Sponsored by the Art History Endowed Lectureship and the Michael C. Carlos Museum, Professor Rice’s lecture focused on an aspect of her current research on seventeenth-century Roman prints and print culture. Taking as her theme the Baroque fascination with the phenomenon of magnetism, she traced the diverse ways this most mysterious of natural forces was given poetic expression in works of art commissioned by aristocratic students at Rome’s most prestigious school, the Collegio Romano.
Professor Rice’s current book project is a history of the thesis print, a uniquely Baroque art form remarkable for the novelty, variety, and virtuosity of its visual language. Commissioned to decorate the broadsheets issued by students on the occasion of their academic defense, thesis prints offer a window onto the vibrant intellectual world of seventeenth-century Rome. Professor Rice has pursued her research on this project as a J. Clawson Mills Senior Fellow at the Metropolitan Museum of Art (in 2006-7), and as the James S. Ackerman Scholar in Residence at the American Academy in Rome (in 2008).

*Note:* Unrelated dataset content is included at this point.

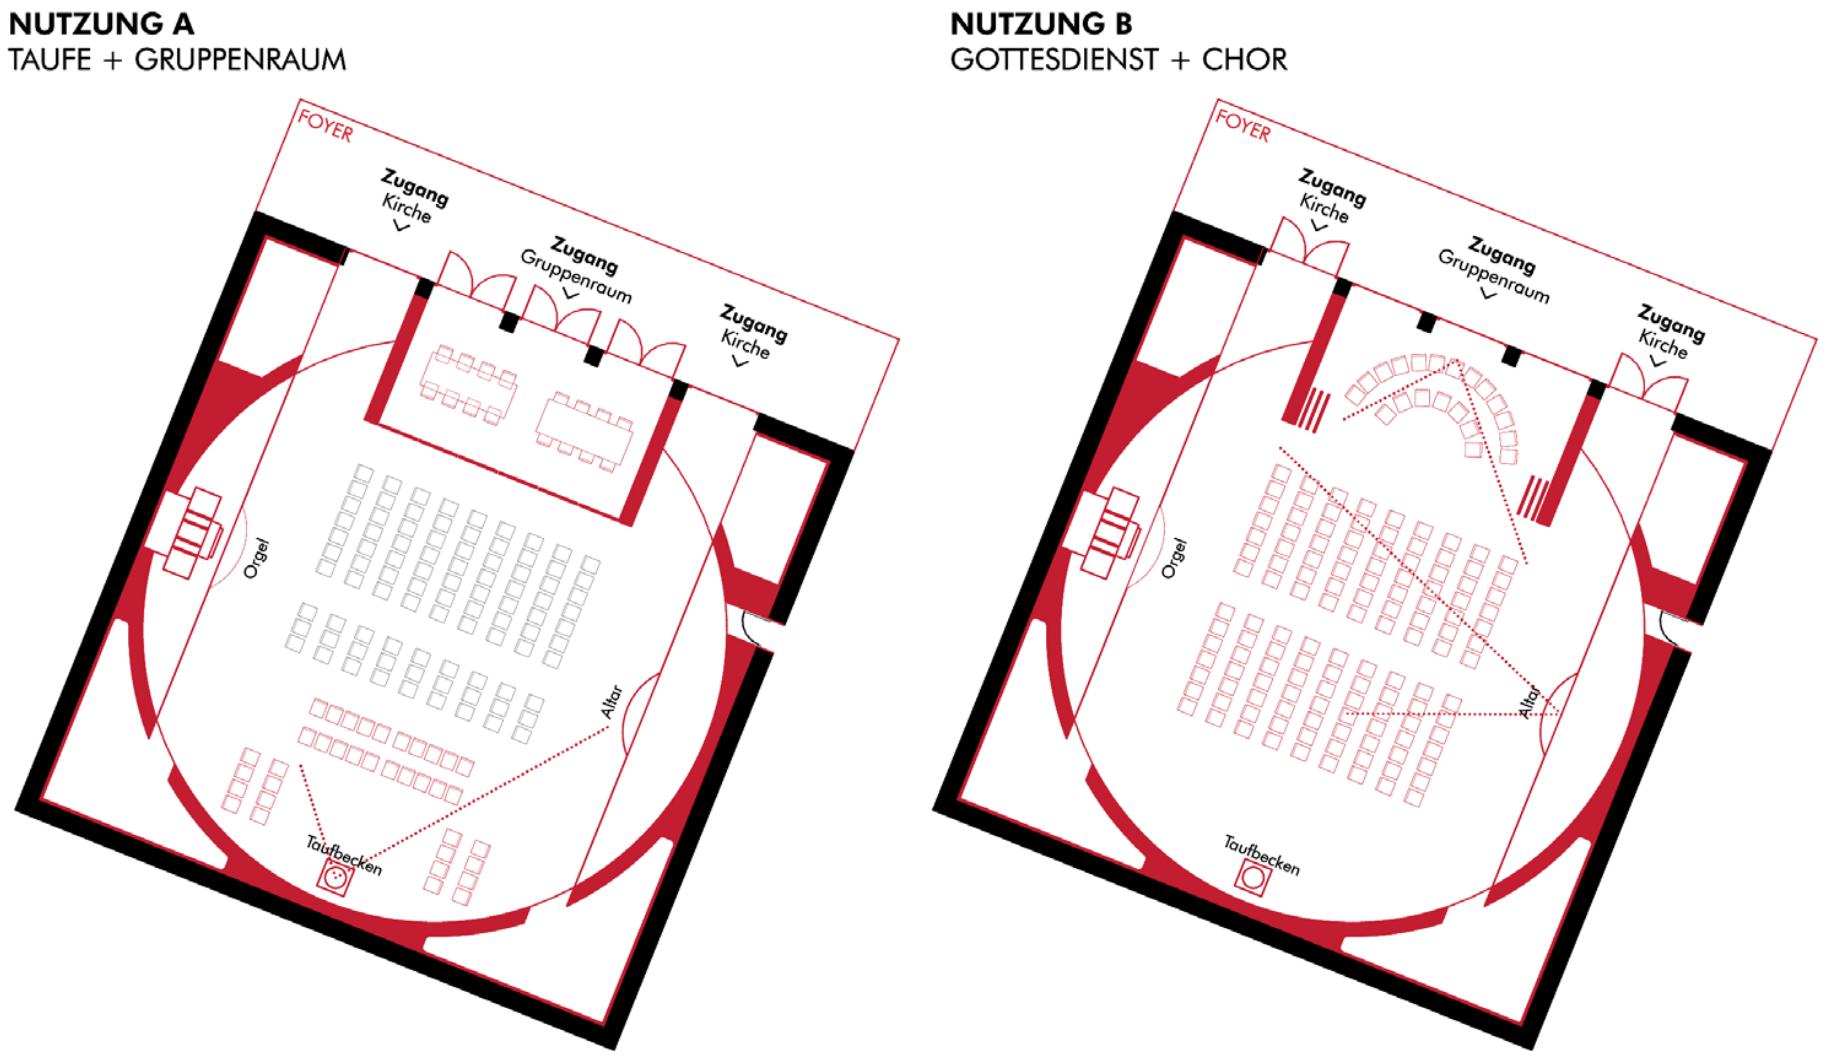 Piktogramm der Kreuzkirchengemeinde in Celle Wettbewerb Gutachterverfahren

Professor Rice is a specialist in the art and architecture of Baroque Rome. Her publications include The Altars and Altarpieces of New St. Peter’s: Outfitting the Basilica, 1621-1666 (Cambridge University Press, 1996), awarded the Premio Salimbeni; Specchio di Roma barocca, co-authored with Joseph Connors (Edizioni dell’Elefante, 1991); and numerous articles, essays, and reviews on the art and architecture of Gian Lorenzo Bernini, Francesco Borromini, Pietro da Cortona, and Simon Vouet among others, as well as on topics ranging from possums to the Pantheon. In Spring 2012, she will lecture at the Minneapolis Institute of Arts on “Andrea Bergondi and the Sunset of the Baroque”, at the Renaissance Society of America on “Baccio’s Cornuti: Daily Life in the Grand Cuckoldom of Tuscany”, and at the American Comparative Literature Association’s annual conference on “Magnets and the Moral Compass: Saving the Soul from Shipwreck”.